The internal challenge for women is often in doing the “Self” and the implication that we then do not take care of others. Navigating that is at the core of the struggle. Who am I? vs. Who am I supposed to be?
“The problem for most of us, men and women, is not to learn, but to unlearn.”
- Gloria Steinem
As women, we have traditionally been taught to be caretakers and nurturers. Although we would like to blame modern patriarchal society for these strict rules, the truth is that gender roles are as old as civilization itself. In the time of cave people physical strength was a vital part of human survival. Each gender had its role to play in that survival. The physical strength of the male body was needed for safety and the tasks of hunting and gathering. Women had the tools of creating life. These mutual tools went from cooperation to control as civilization “progressed.” Today, men and women can do these roles reciprocally, yet the struggle remains to conform to the traditional roles.
Many are bravely stepping into these new versions of being men and women. Women have fought politically, socially and within families for change. And younger men are now seeing and investing in the benefits of these changes: they are more interested in emotional relationships, creating community, being involved and hands-on fathers and nurturing various sides of themselves.
Unlearning any learned idea or behavior is a challenge.
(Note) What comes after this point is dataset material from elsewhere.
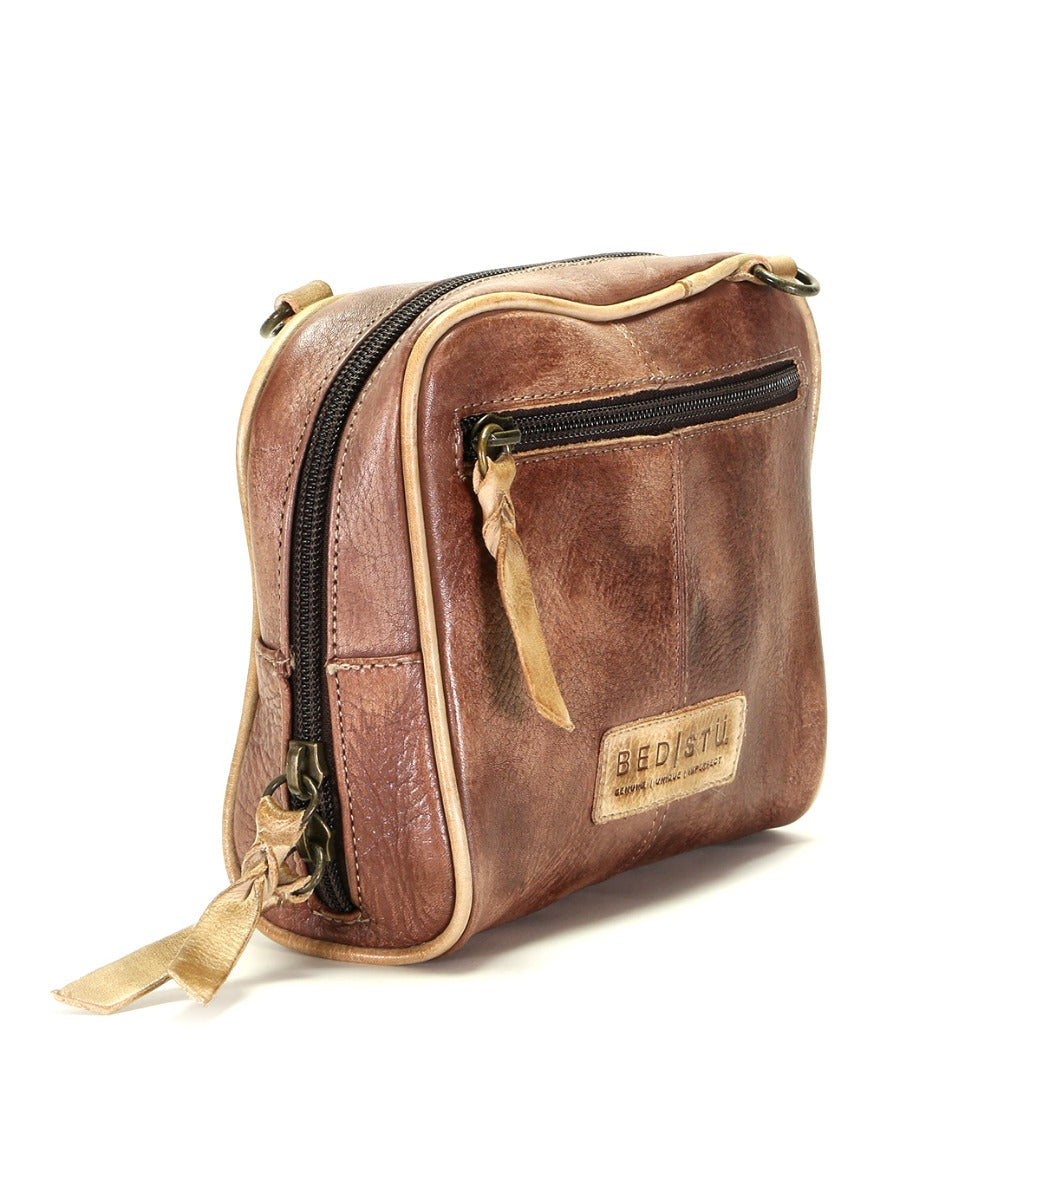 A Capture brown leather cross body bag with a zipper from Bed Stu.

The process of learning is to create pathways in the brain that can allow for retention and recall of information. Without that, we would have to start over in every task daily. So while that is a self-preservation strategy inherent to human beings, the need to unlearn is also crucial. To learn new things and ways is how we progress and prosper. The internal challenge for women is often in doing the “Self” and the implication that we then do not take care of others. Navigating that is at the core of the struggle. Who am I? vs. Who am I supposed to be?
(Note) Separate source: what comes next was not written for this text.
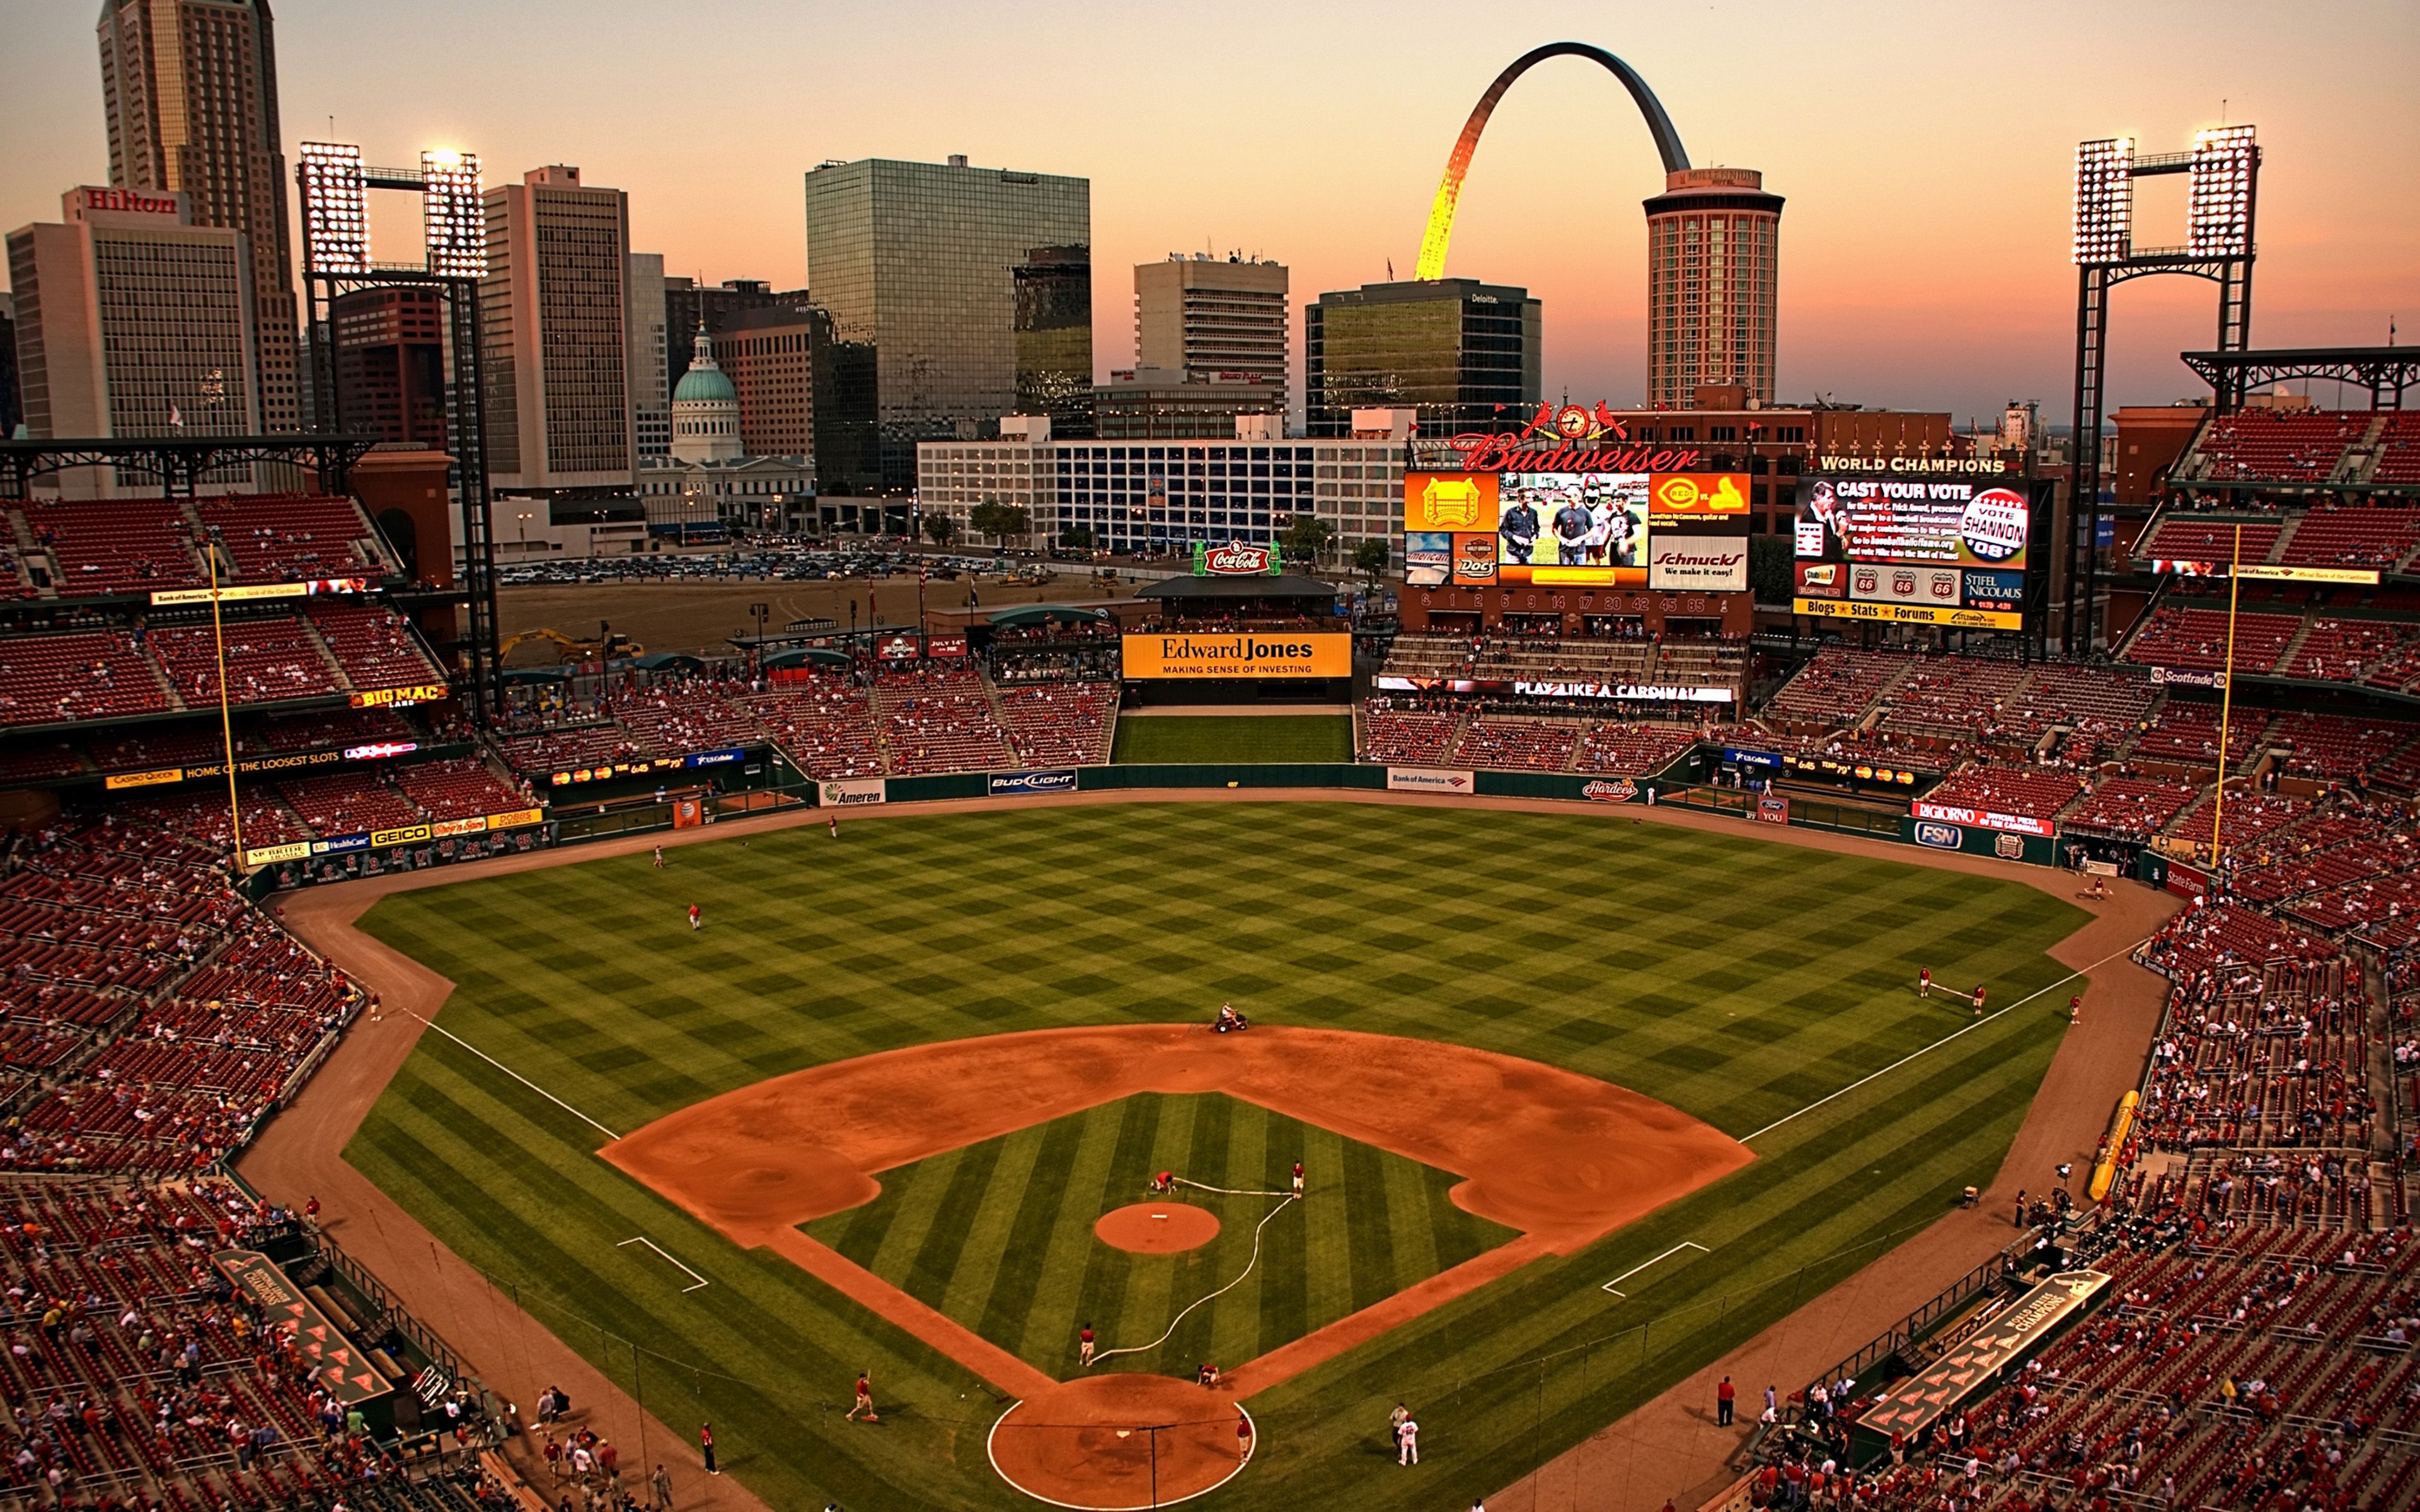 Pin by Art Adye on St. Louis Cardinals  St louis cardinals baseball, Stl  cardinals baseball, Baseball stadiums pictures

Some ways to begin learning to “unlearn” are:
Embrace change. To learn something new, you must be willing to explore the new and different. Take risks.
Embrace discomfort. Learning something new forces you to step out of what you know, of how you have done things and this is stressful. We tend to focus on what we are losing, instead of what we can gain.
Encourage curiosity. Of yourself and of your direction. Just because you have done things the same way, does not mean it is the only way.
As we get older, we stop questioning things around us. Society forces us to conform to the “tried and true” ways. We accept things as we learned them. Yet unlearning requires curiosity and risk!